### RAW DATA ###

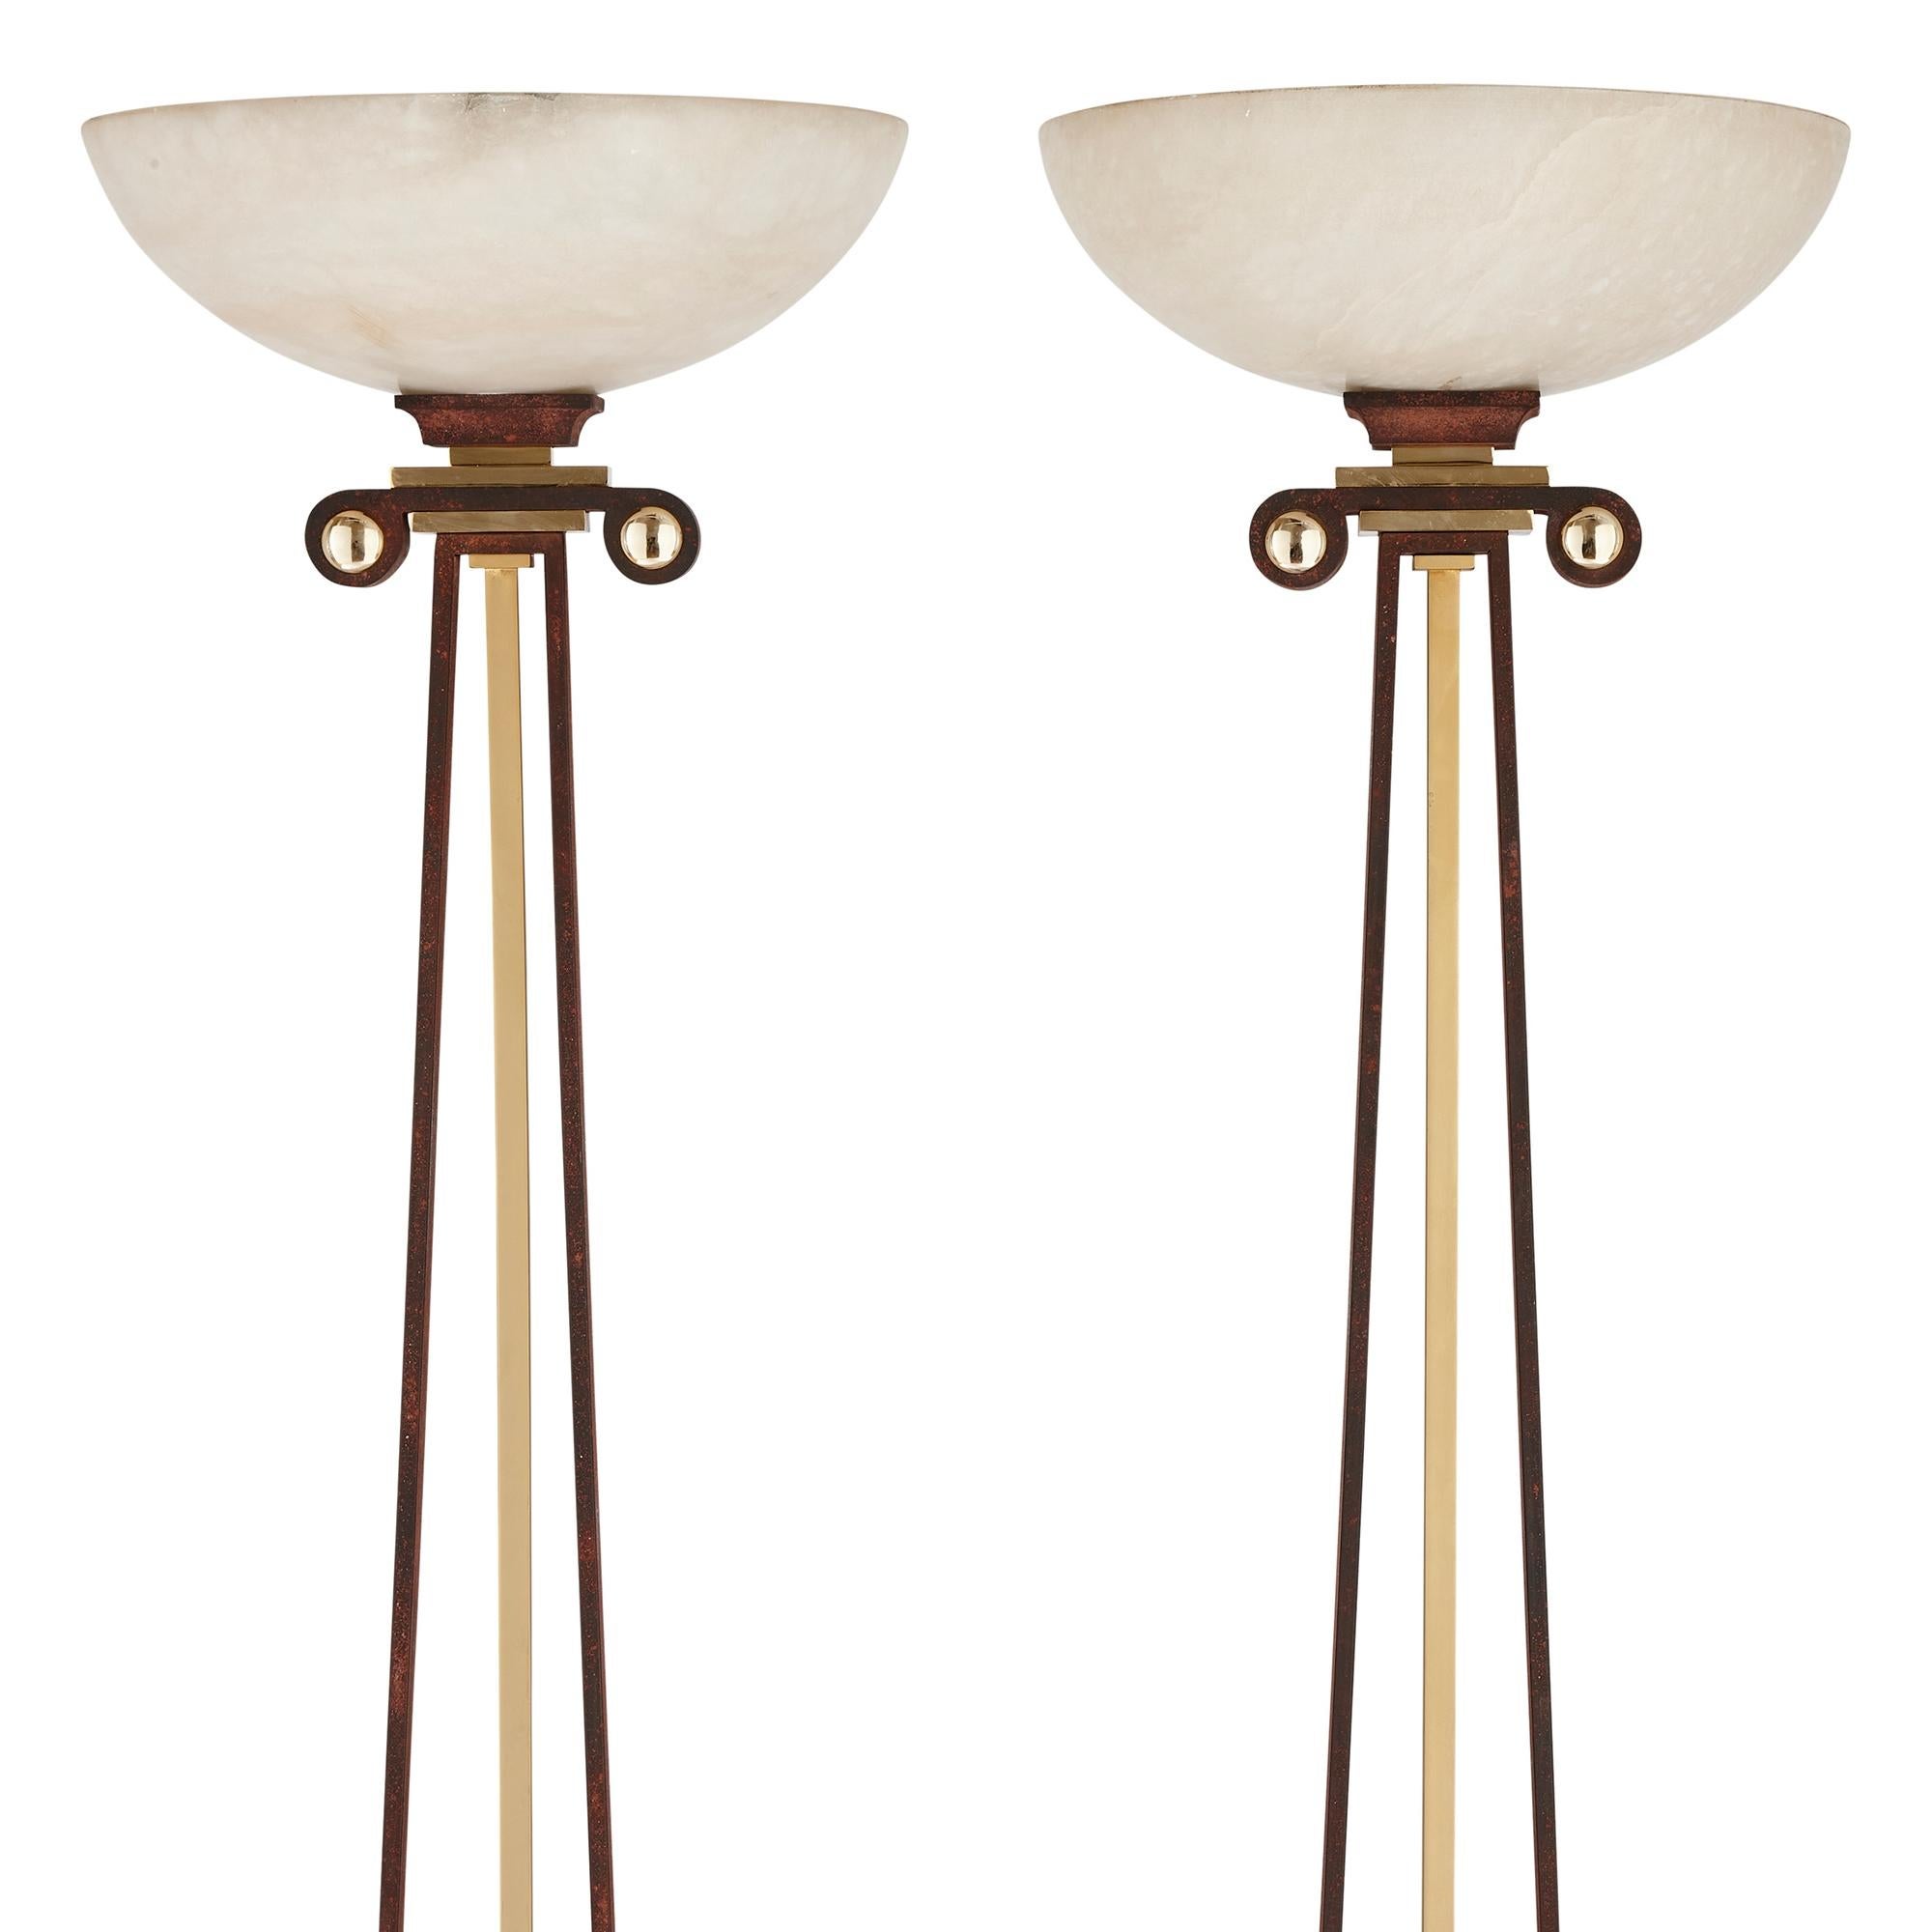 Pair of 20th century alabaster, gilt metal and iron floor lamps
Continental, 20th Century 
Height 185cm, diameter 40cm

Inspired by features of Greek architecture and made from a selection of high quality materials, the pair of floor lamps would add

###

▶ WHAT YOU SHOULD DO:
Having found the line with "Height 185cm, diameter 40cm" in the listing above, transcribe it and every line after it to the end, exactly, with no additions.

▶ OUTPUT OF THE EXERCISE:
Height 185cm, diameter 40cm

Inspired by features of Greek architecture and made from a selection of high quality materials, the pair of floor lamps would add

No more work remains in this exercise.